There are a few touches I like—small details in prison life, like roll-call and the women working there to keep the prisoners and soldiers/officers fed. I’m extremely curious why the face reader/teacher has been in prison for fifteen years. I mean, he is clearly of the noble class, so why are you just hanging on to him for that long? Aside for him being Ok-nyeo’s teacher. I’m used to sageuks going with exile, death-by-poisoning, clandestine murder, enslavement, and/or state-sanctioned beheading to get rid of troublesome nobles. So what did he do that was bad enough to get a long prison sentence but not bad enough to get dealt one of the earlier cards?
Which reminds me of Nan-jung, our obligatory gisaeng with absolutely no fear and a thorough understanding of the law. Why’d you get thrown in jail and then let go? And what are you going to do for the story in the future? I’ve honestly got no clue—for a while, I thought you might be revealed to be Ok-nyeo’s mother or maybe her teacher, but those roles have been filled by others. I hope you get lots of screen time because even though you weren’t around for very long, you grabbed my attention.
The Flower in Prison is also setting the stage hard and fast for law, law, law everywhere, from Nan-jung snarling at the prison chief about how he didn’t have the legal right to beat the prisoners to Ok-nyeo spouting some lesser-known laws and rules in order to further a scheme to help her adoptive father. I expect we’ll get a lot more title cards explaining law terms as we go on; with any luck, they’ll be used cleverly.
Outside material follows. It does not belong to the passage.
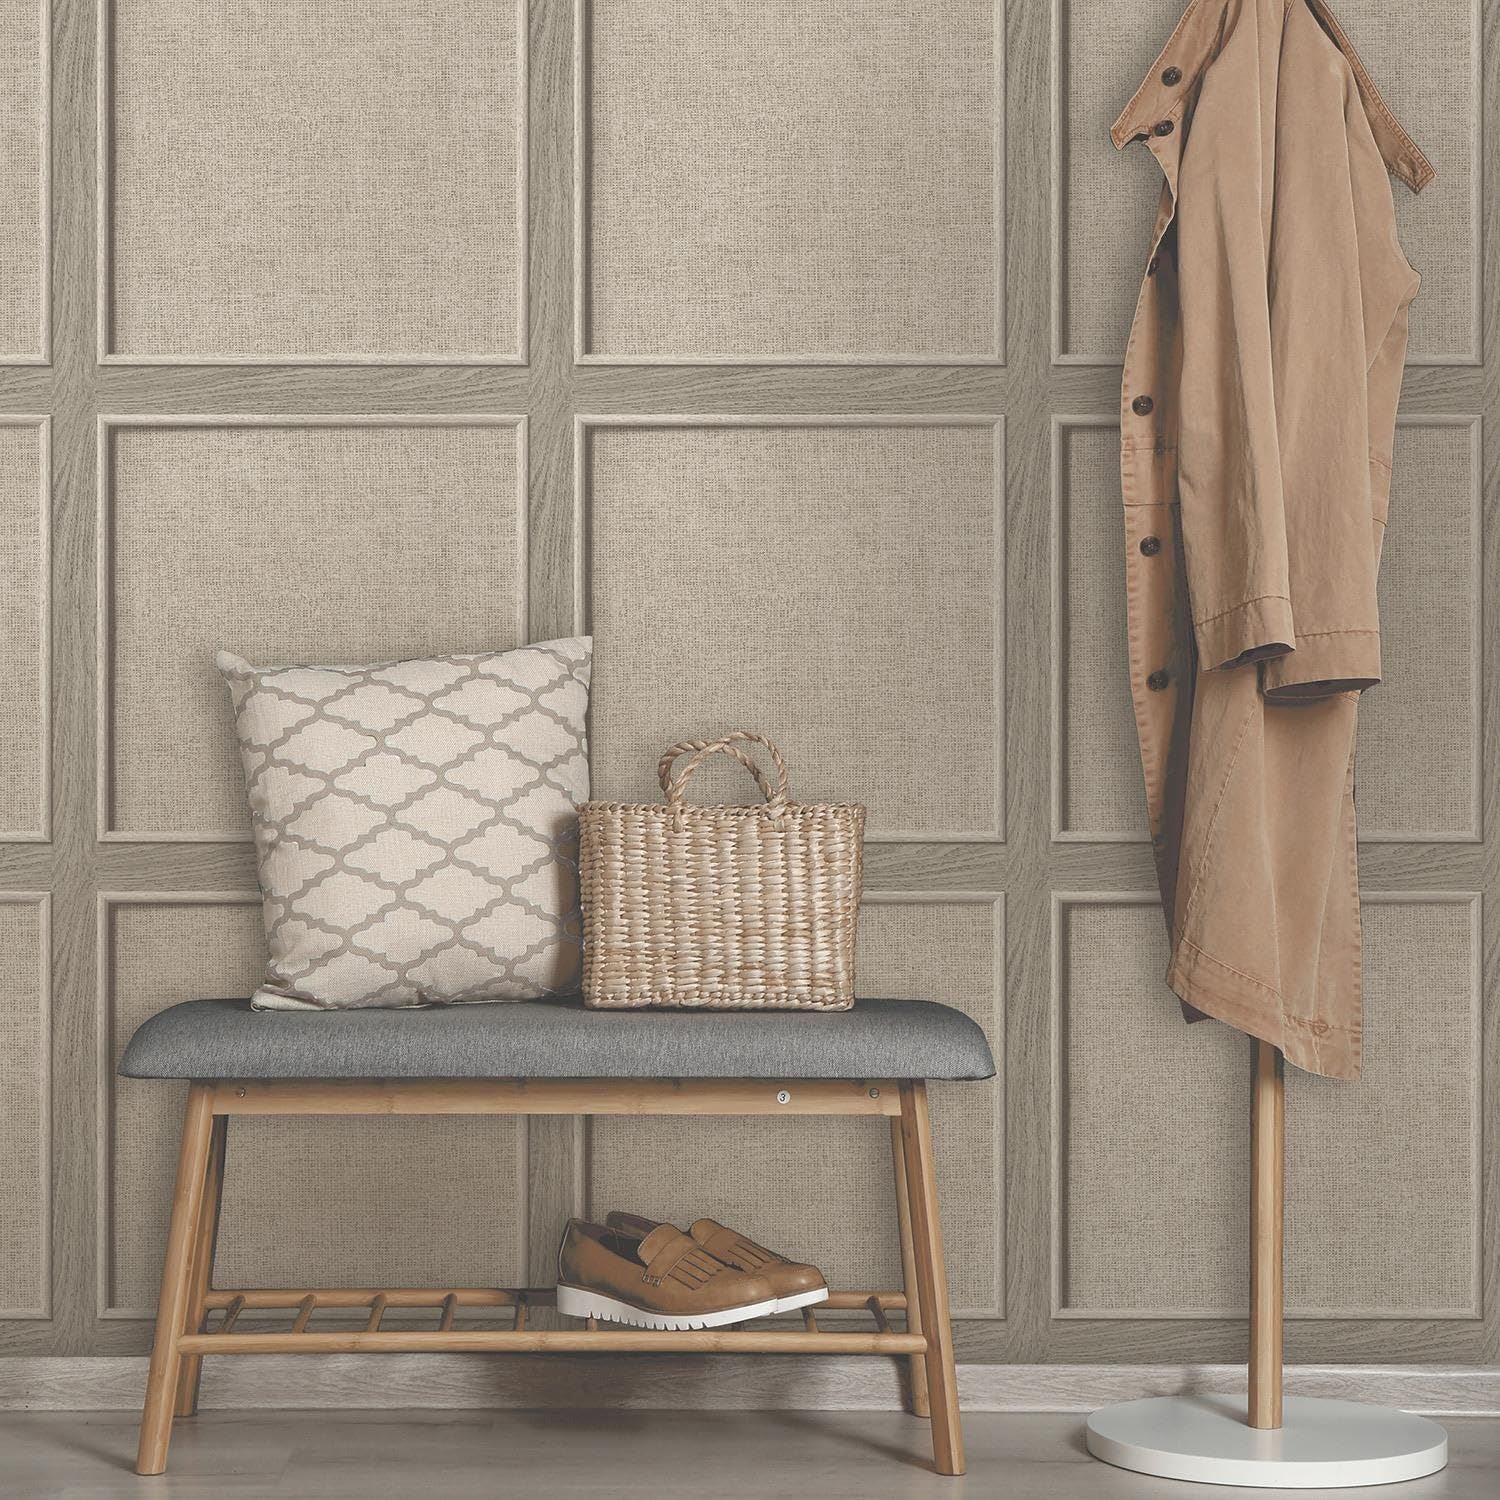 Rasch Bevelled Birch Wood Panelled Weave Grain Wallpaper - Carved Trendy Modern Contemporary Feature Wall

Ok-nyeo hasn’t had much screen time so far, but I like this younger actress and the start of her character. I’m always up for tiny girls picking up skills no one expects them to have, whether that’s pickpocketing or lawyering or face-reading(?). Here’s hoping she continues to acquire these skills and that she gets to use them once we transition to the main timeline. I want to believe it when she becomes the heroine of the people. We’ve got the start of a good foundation so far—please don’t screw it up.
By the Numbers
- Death by childbirth: 1
- People who attempted to be noble and died for it: 2
- Story-significant prisoners: 3
- Bechdel Test: 1* episode passed
*I’m pretty sure both those palace ladies who talked to Ok-nyeo had names, but for the life of me I can’t tell you what they are. Next episode!